The imputed law of a fetus does not come into play in the case of legal actions against a doctor who performs an abortion, or by such a doctor against any attacker bearing an anti-abortion motive. Such controversies are decided under the laws of the parties. The fetus will not generally be a party to actions by a non-family complainant, for reasons explained in the following paragraph. When the fetus is not itself a party, the law that might be imputed to the fetus is not relevant to a choice of law analysis in these cases. Hypothetical disputes between an abortion provider and a third party “defender of fetuses” have been considered in an earlier post.

Imputed fetal law will not commonly be at issue, because disputes in which a fetus is a party will be rare. Something akin to the notion of “standing” will naturally limit legal actions by unrelated third party guardians. That limit “akin to standing” is the natural limit on the right to receive damages on behalf of an injured potential dependent person. Damages for ordinary murder will normally (assuming most victims prefer it) be payable to the estate of the murdered, and from the estate to the heirs designated by the law of the victim. In the case of abortion, the closest next of kin and likely imputed heirs will usually be the parents, who can be trusted to not sue themselves for damages. An unrelated third person will not stand to receive damages: under any reasonable rule, what reason is there to reward a stranger for the misfortune of a fetus?

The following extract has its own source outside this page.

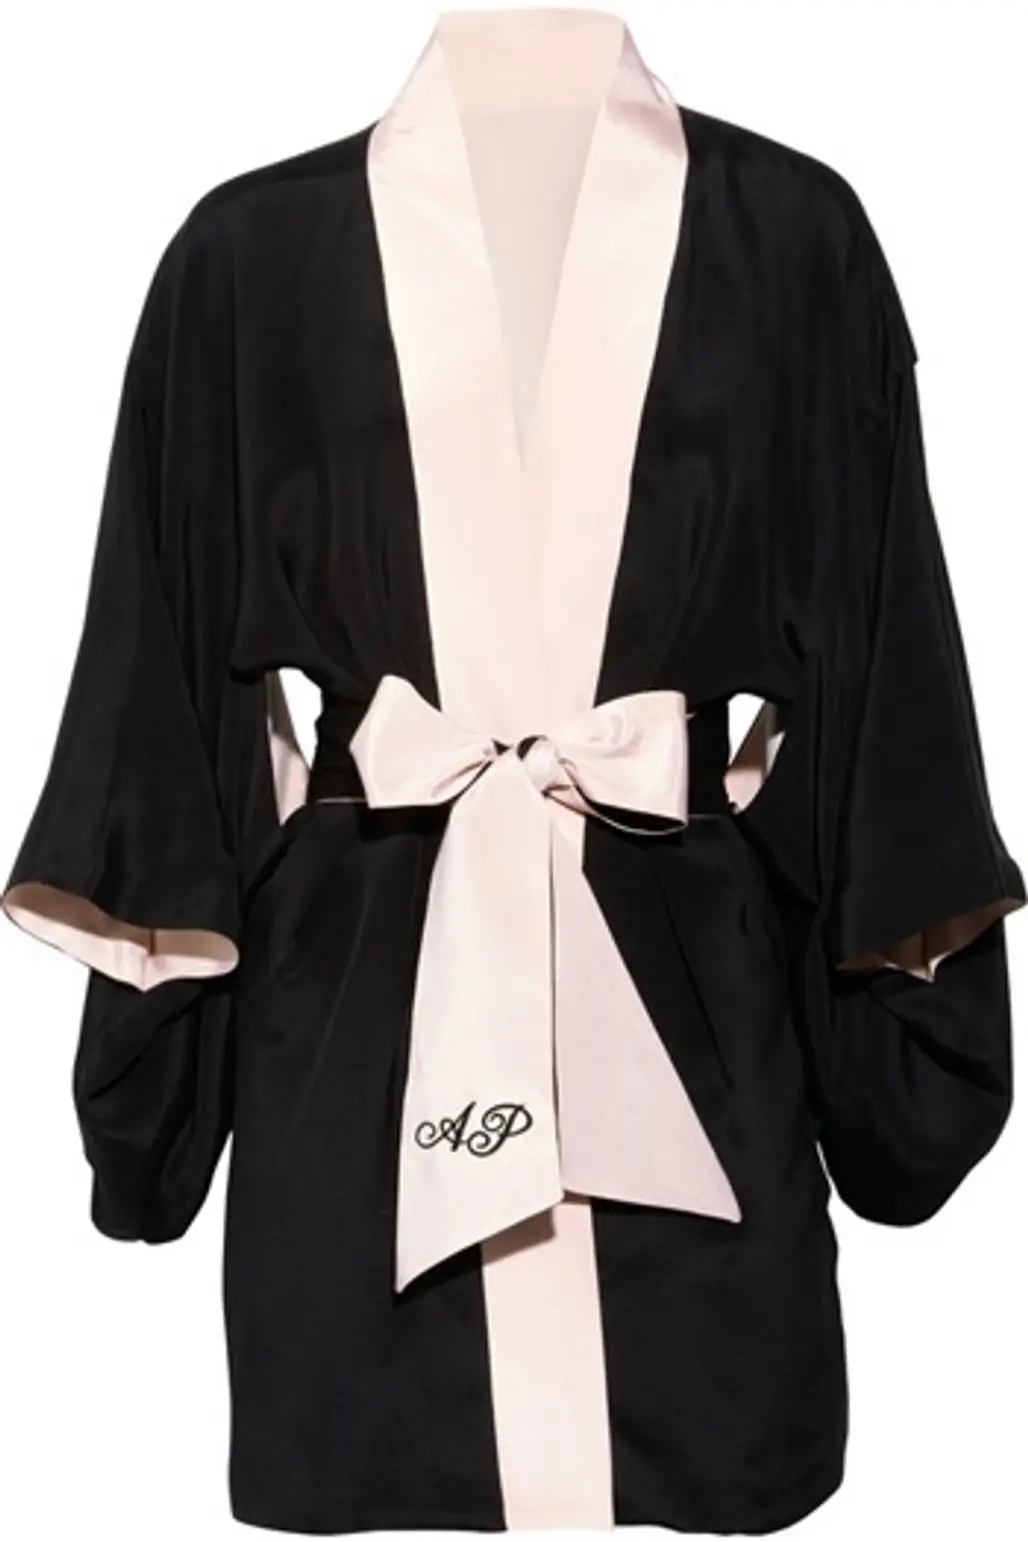 Agent Provocateur Silk Kimono

There are some cases in which a rightful claim to damages arising from abortion might be enforced. For example, one parent might sue another to prevent an abortion or collect damages for one performed. Imputation of fetal law might arise in special circumstances such as disputes between family members, as when a related-party guardian sues a mother for damages on behalf of an aborted fetus, or in the unusual case where an unrelated guardian learns of another’s intent to abort, sues for an injunction to prevent an abortion from being performed. For example, a person who has paid a surrogate mother might (or might not) have a legitimate interest in seeing a viable pregnancy carried to term. Such claimants might sometimes seek imputation of a law to the fetus if the mother’s law is unfavorable to their cause, and the context clearly supports the imputation of some other law.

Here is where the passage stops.